Special Educational Needs

(asked on 27th September 2019) - View Source

Question to the Department for Education:

To ask the Secretary of State for Education, what recent steps he has taken to support pupils with SEND.


Answered by
Michelle Donelan Portrait
Michelle Donelan
Secretary of State for Science, Innovation and Technology
This question was answered on 7th October 2019

The department is taking steps to ensure that every child and young person with special educational needs and disabilities (SEND) can achieve well in education, find employment and lead a happy and fulfilled life.

We will be investing over £700 million in additional high needs funding to support young people with complex SEND in education. This represents an increase of over 11% on the funding available this year, bringing the total high needs funding budget to over £7 billion.

We have launched a cross-government SEND review to improve how children and young people with SEND are supported in the current system.
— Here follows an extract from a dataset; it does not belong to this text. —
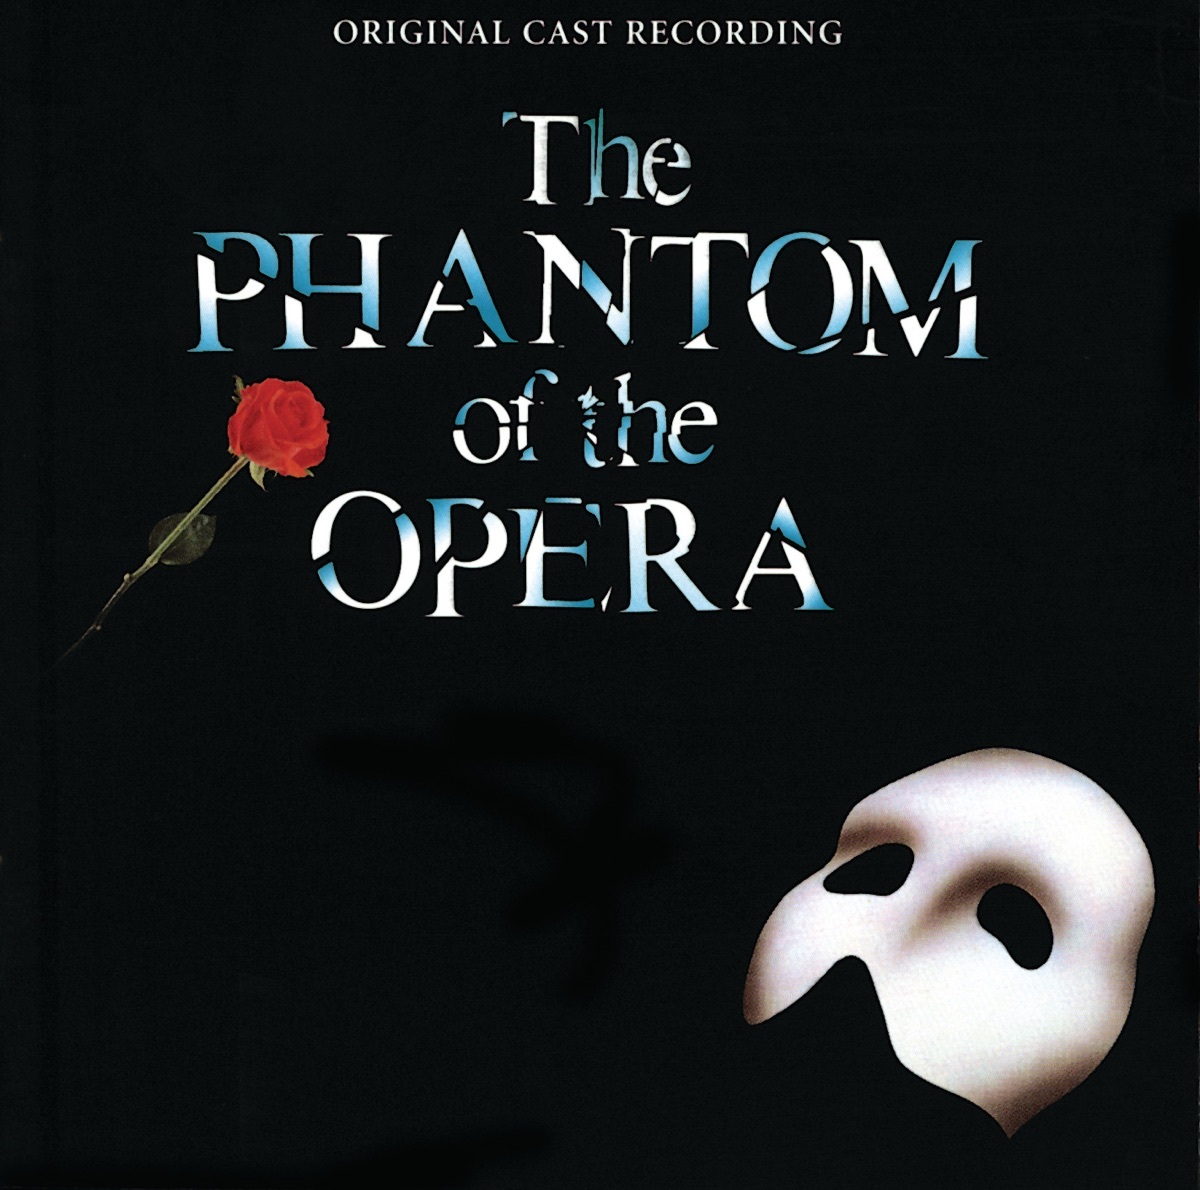 Phantom of the Opera cast recording

In parallel with the review, we have also committed to reviewing the SEND Code of Practice by the end of 2020 to identify where the code needs to be clarified or where additional guidance would be helpful, drawing on the expertise of stakeholder organisations.

The department has a contract with the Whole School SEND Consortium to embed SEND within approaches to school improvement and to equip the school workforce to deliver high quality teaching for all pupils with SEND. The programme of work includes building a Community of Practice with the involvement of 10,000 schools by 2020 and 15,000 schools by 2022, across the 8 Regional School Commissioner regions.